Katoro Gold plc (Incorporated in England and Wales)
( Registration Number: 9306219)
Share code on AIM: KAT
ISIN: GB00BSNBL022
("Katoro" or "the Company")
Dated: 22 December 2020
Katoro Gold PLC ('Katoro' or the 'Company')
Financing, Business Update and TVR
Katoro Gold PLC (AIM: KAT), the gold and nickel exploration and development company, is pleased to announce that is has raised £960,000 (gross), through a placing and subscription of new ordinary shares at 2 pence per share (the 'Fundraise'), conditional to approval at a General Meeting ('GM') that will be held on or around 15 January 2021 to seek approval from shareholders to increase the Company's authorised share capital. The placing was completed by the Company's broker SI Capital.

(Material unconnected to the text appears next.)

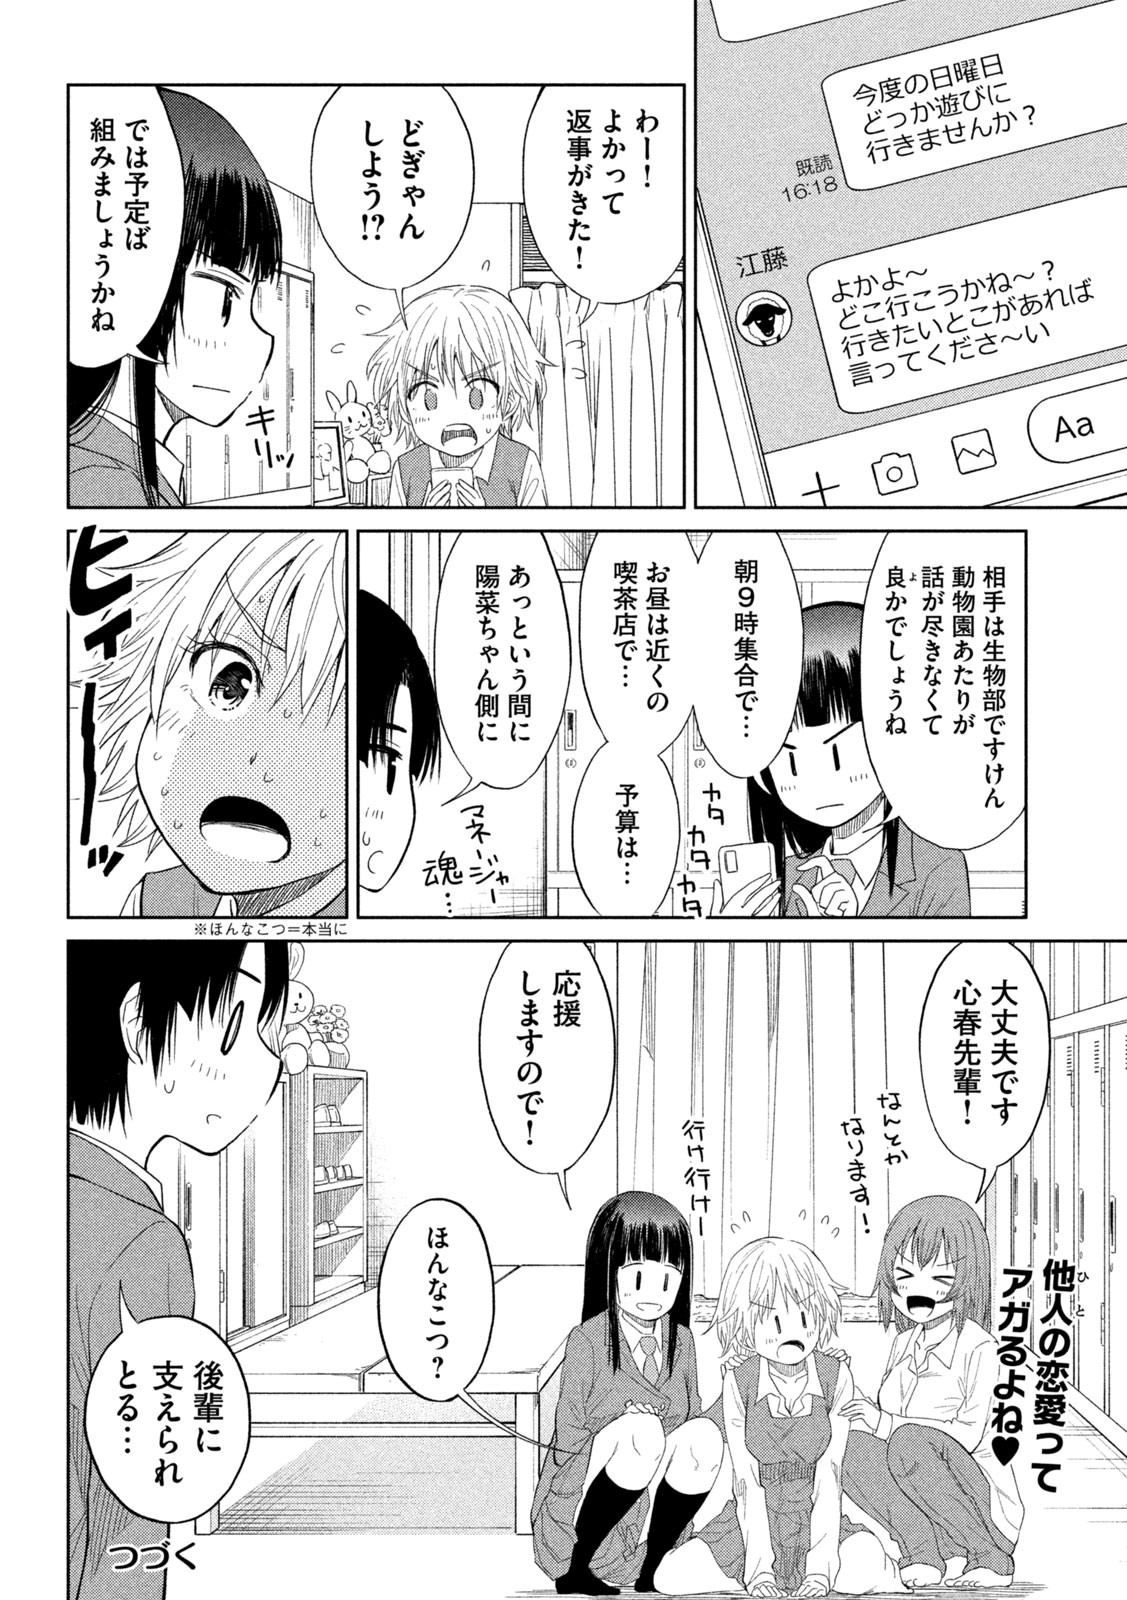 Koharu haru! - Chapter 102 - Page 4

Louis Coetzee, Executive Chairman of Katoro Gold plc commented: "Today's financing reinforces the working capital of the Company at a highly important time in our development.

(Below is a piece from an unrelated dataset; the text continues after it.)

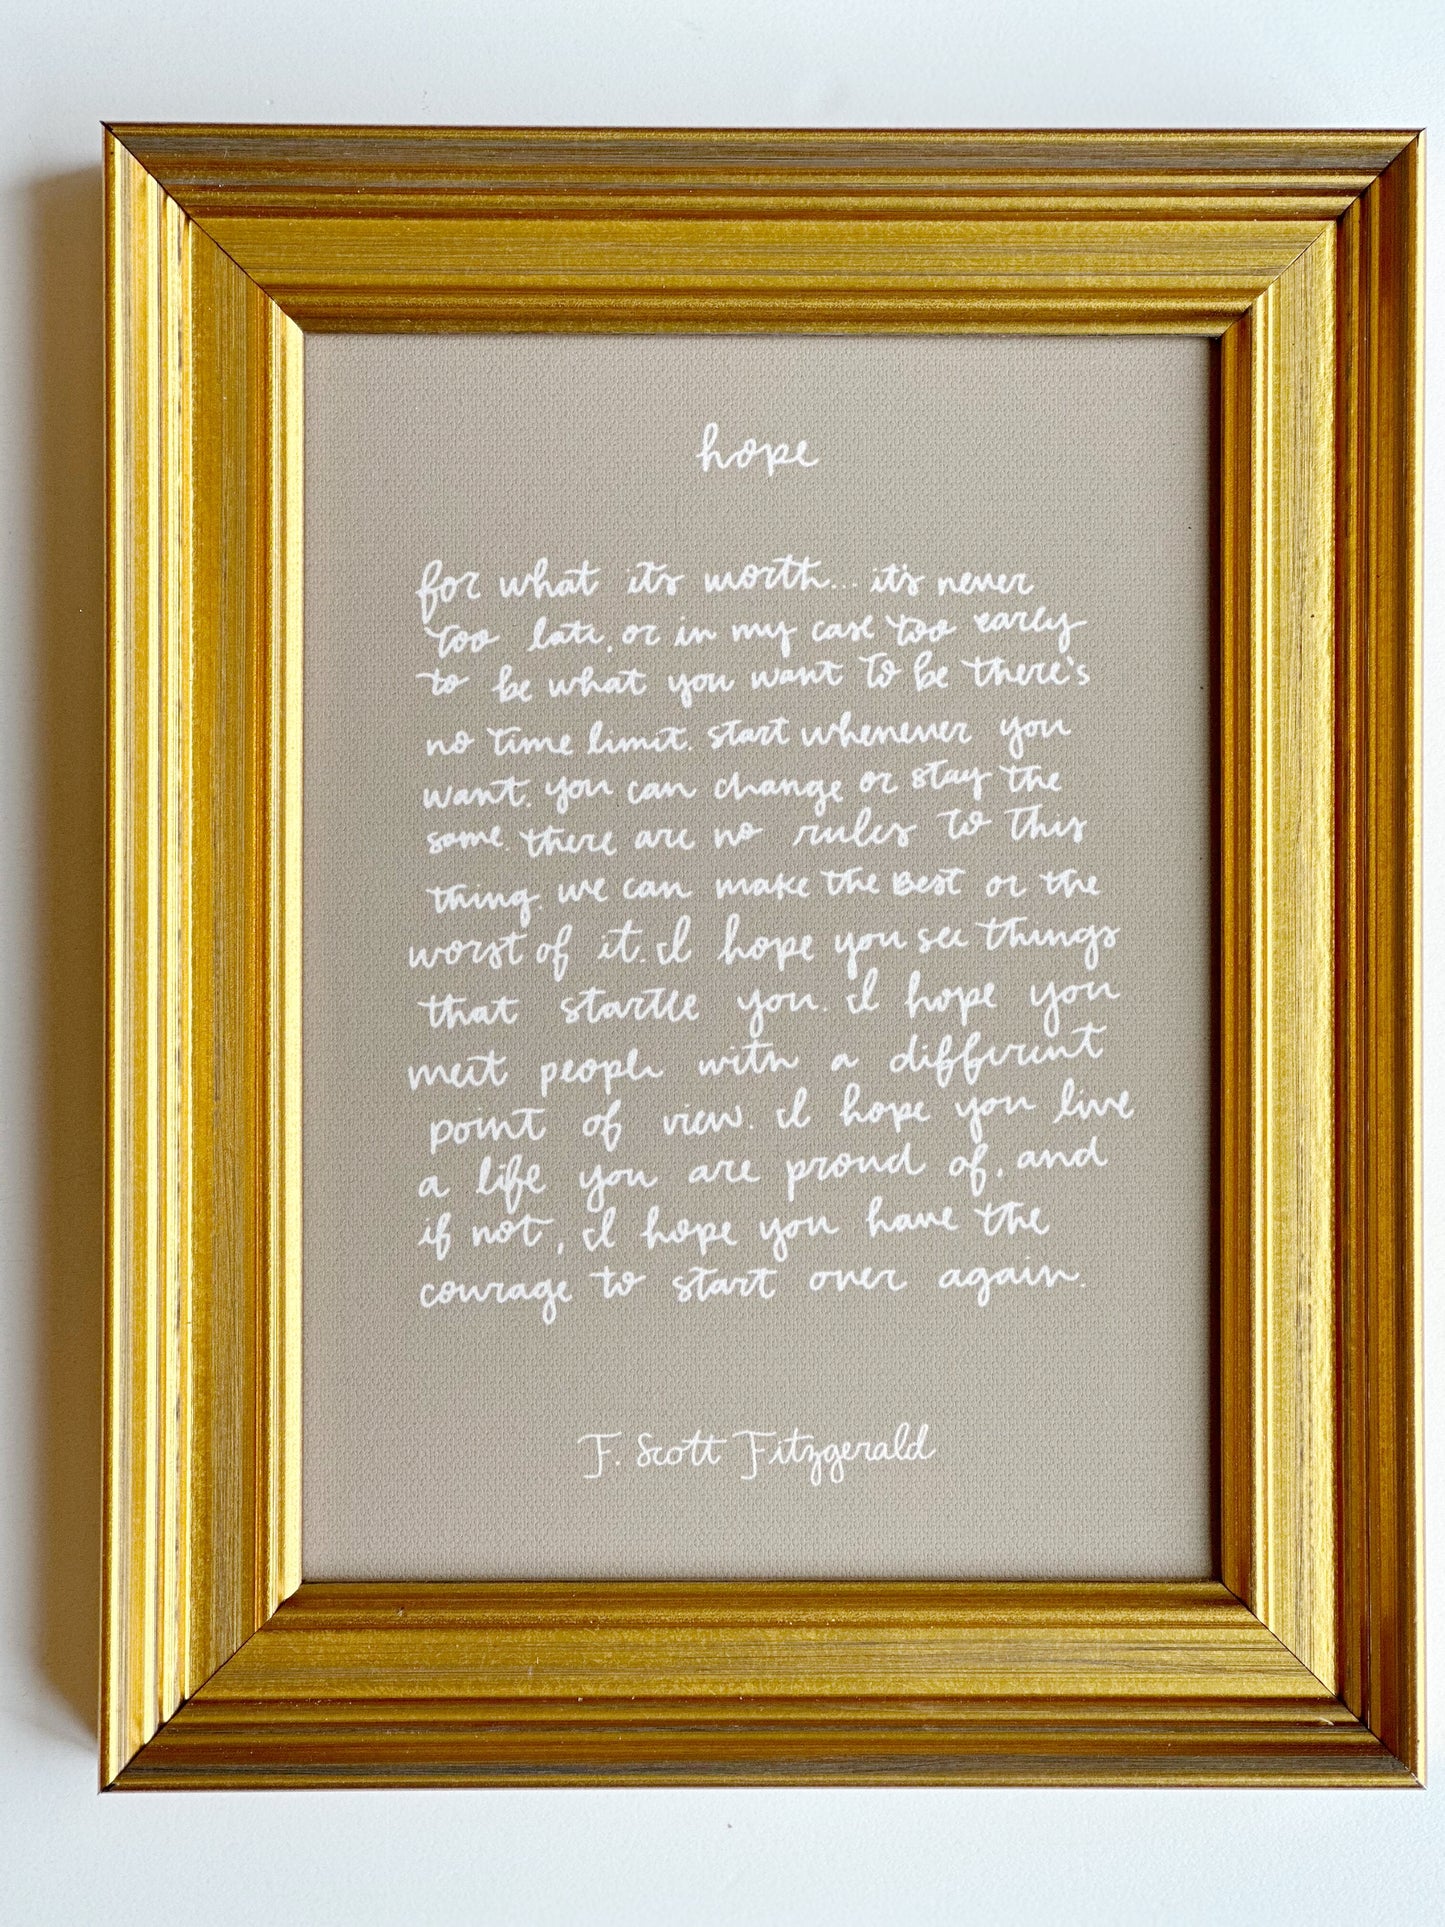 Hope by F. Scott Fitzgerald 6x8 Framed Print

"In the context of the financing challenges faced by many companies with the impact of COVID-19, we are pleased to be able to demonstrate to our shareholders that the Company has bolstered its working capital position with a placing that was oversubscribed by 37%. We are now confidently moving forward towards completing critical workstreams related to the Blyvoor Gold Project and ongoing exploration work on the Haneti nickel project.

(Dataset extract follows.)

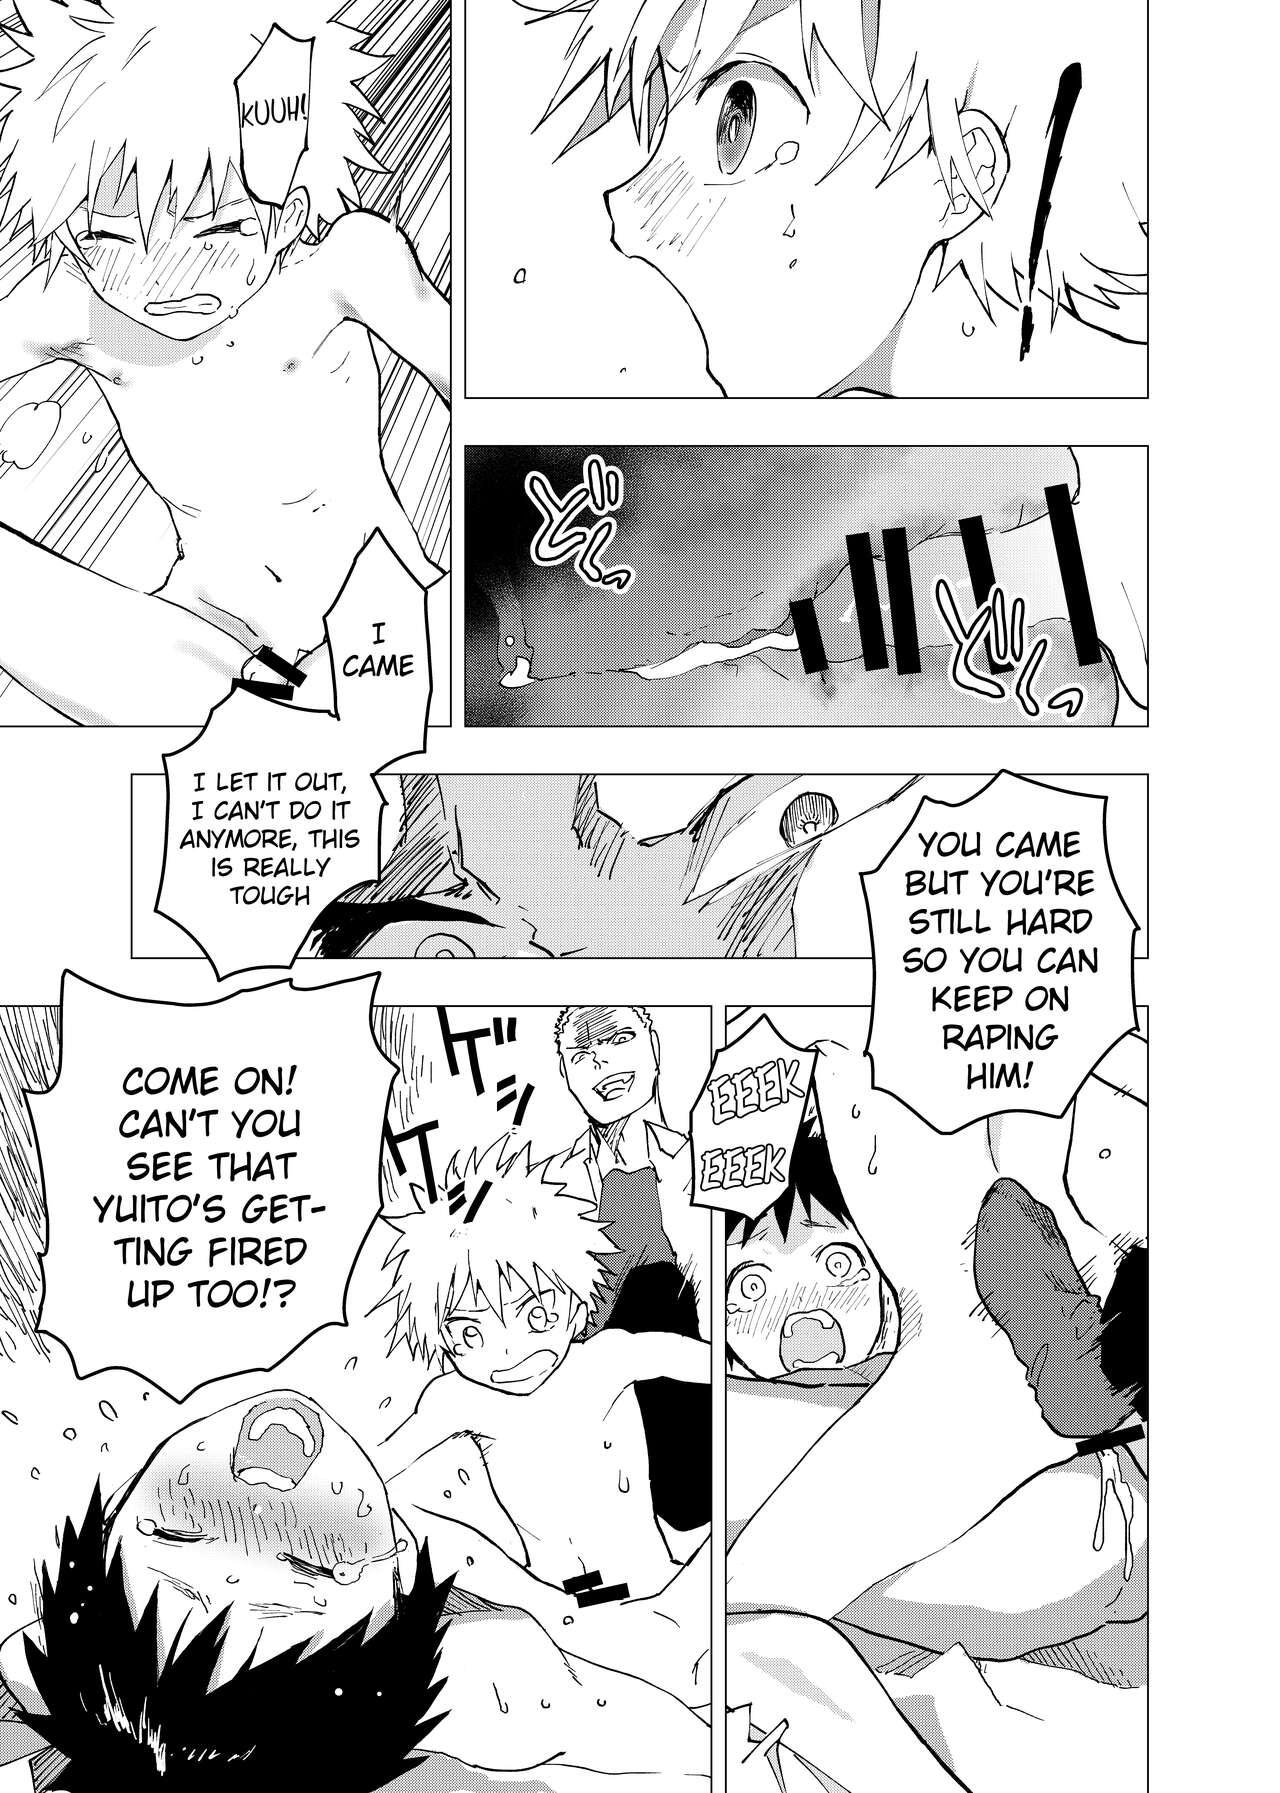 Ibasho ga Nai node Kamimachi shite mita Suterareta Shounen no Ero Manga Ch. 7 | A Dirty Manga About a Boy Who Got Abandoned and Is Waiting for Someone To Save Him Ch. 7 9

"As a result of the significant advancement of the Blyvoor Gold Tailings Project and progress on the Haneti nickel exploration programme, our business continues to develop its interests productively and we look forward to keeping shareholders updated on this progress."
Highlights:
· Katoro has raised £960,000 (gross) through a placing and subscription of 48,000,000 new ordinary shares of 1p each in the capital of the Company ('Ordinary Shares') ('Financing Shares') at 2p per share with new and existing shareholders. The placing was oversubscribed by 37%;
· Each Financing Share has an attaching warrant to subscribe for a further new Ordinary Share at a price of 3p, with a life to expiry of 3 years from the Financing Shares admission to trading on AIM ('Admission'), creating 48,000,000 new warrants ('Financing Warrants');
· The Fundraise will significantly bolster the Company's ability to continue uninterrupted with work on its projects during the current uncertainty and unpredictability associated with COVID-19 and to advance the project funding initiatives as well as complete technical study work for the Blyvoor Gold Tailings Project and also expanded follow-up work on the Haneti nickel exploration programme;
· In addition to the Financing Warrants, the Company currently has 69,066,666 warrants outstanding, including 10 million held by Power Metal Resources plc (LON: POW) exercisable at 1.25p, 5.2 million held by participants in the October 2019 fundraise exercisable at 1.50p, 17.2 million warrants held by participants in the March 2020 fundraise exercisable at 2p per warrant, and 36,666,666 warrants held by participants in the June 2020 fundraise exercisable at 3p per warrant;
· Should all 117,066,666 warrants (including Financing Warrants) be exercised, the Company would receive an additional £3,087,000 in cash inflow which would provide a significant additional cash runway for the Company;
· Based on the preliminary economic assessment / scoping study for the Blyvoor JV gold tailings project, further drilling and technical work was conducted on TSF6 and 7 of the Blyvoor Gold Tailings Project to produce a restated SAMRAC compliant Resource and Reserve Statement (See RNS dated 14 December 2020) as well as a SAMRAC compliant CPR inclusive of a SAMVAL valuation report; and
· The final draft versions of the SAMRAC CPR and SAMVAL valuation report referred to above, was received on 18 December 2020 and are now under review before the final version of said reports will be delivered.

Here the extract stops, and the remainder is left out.